Add cream and kale to the zuppa tuscana
Once your Instant Pot has finished cooking and releasing, add in the diced kale. Stir with a wooden spoon until it’s all wilted. You may even want to close the lid and let the soup steam the kale for a couple of minutes, though this is not necessary.
Add the heavy cream and stir well to combine. We recommend using heavy cooking or whipping cream, but you can use 15 percent cooking cream or even half-and-half if that’s all you have. Just don’t use regular milk and expect the same results — the soup really needs the fattiness of the cream to bind and not split.
Taste the soup and add salt and pepper, as needed. You may want to add more chili flakes, if your sausage wasn’t spicy enough.
Serve zuppa tuscana with parmesan and chili flakes
Happy days! Your copycat zuppa tuscana is done cooking in the Instant Pot, and in a fraction of time it would have taken you to cook it in a regular pot, or even place an order with Olive Garden, and then wait to get it.
Pour the zuppa tuscana into large bowls, distributing enough pieces of Italian sausage per bowl, so no one feels left out. Top zuppa tuscana with a heavy sprinkling of grated parmesan cheese sprinkled on top and additional chili flakes, to taste.
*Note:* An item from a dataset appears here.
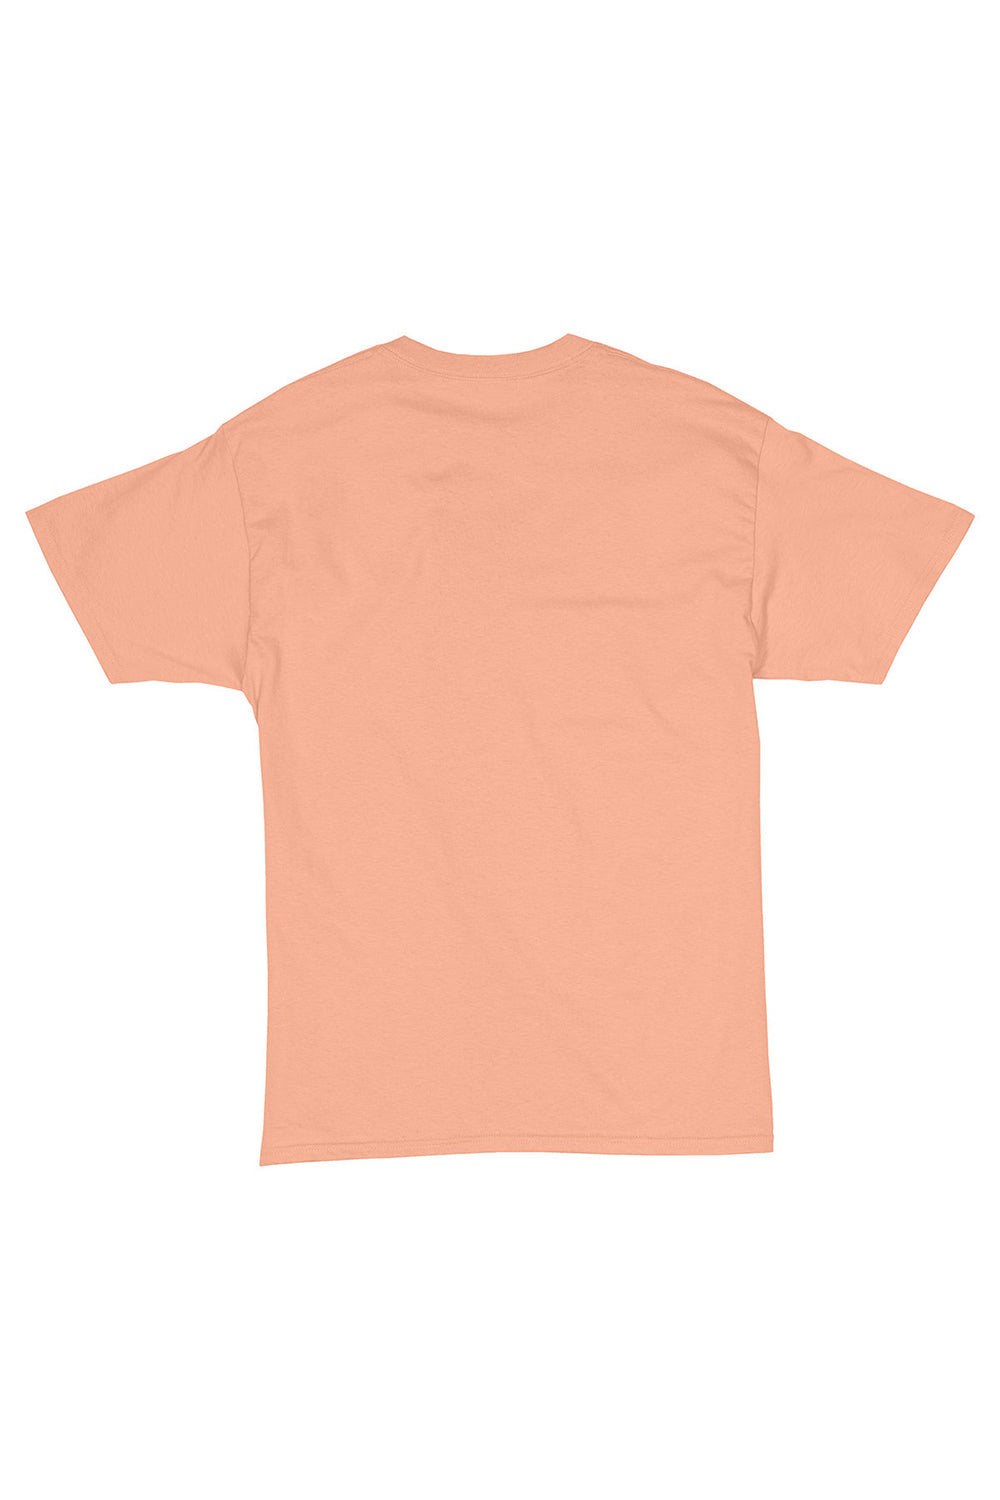 Hanes 5280 Mens ComfortSoft Short Sleeve Crewneck T-Shirt Candy Orange Flat Back

Serve immediately, with that Olive Garden salad you made earlier, and a big, bold glass of Italian red.
Zuppa toscana will keep up to five days in a well sealed container in the fridge. Just hold off on adding the parmesan and additional chili flakes until you’re serving it.
There’s no need to visit Olive Garden when you can create their flavorful Zuppa Toscana soup at home. The recipe pairs perfectly with salad and glass of wine.
- 6 slices of bacon (about 6 oz or 170 g)
- – 5-6 hot Italian sausages (500g or 1lb)
- – 1 onion
- – 4 cloves of garlic
- – 1 teaspoon oregano
- – 4 potatoes
- – 6 cups chicken broth (1.5 litres)
- – ½ teaspoon chilli flakes
- – ½ teaspoon salt
- – ¼ teaspoon pepper
- – ½ bunch kale
- – 1 cup heavy cream
- – salt and pepper, to taste
- grated parmesan, for serving
- Cut bacon into small cubes. Dice sausage into bite-sized pieces. Finely dice onion. Mince garlic. Cube potatoes. Tear kale into small pieces, discarding stems.
- Set Instant Pot to sauté function. Add chopped bacon and cook until browned and crispy, stirring occasionally, about 5 minutes. Remove from the pot and set aside. Wipe some of the remaining grease with a paper towel.
- Add Italian sausage to the pot. Sauté, breaking it apart with a wooden spoon, until it has browned around the edges and is cooked through. About 5 minutes. Remove from the pot and set aside.
- Add onion and sauté until translucent, 5 minutes. Add garlic and oregano and sauté another minute.
- Add potatoes and chicken broth. Return bacon and sausage to the pot. Season with chili flakes, salt, and pepper. Close lid. Select pressure cook on the manual setting, and set pressure to high. Set time for 5 minutes. At the end of the cooking cycle, perform a quick release according to manufacturer’s instructions.
- Add in kale and stir until it’s all wilted. Add cream and stir well to combine. Taste and add salt and pepper, as needed.
- Serve with parmesan cheese sprinkled on top.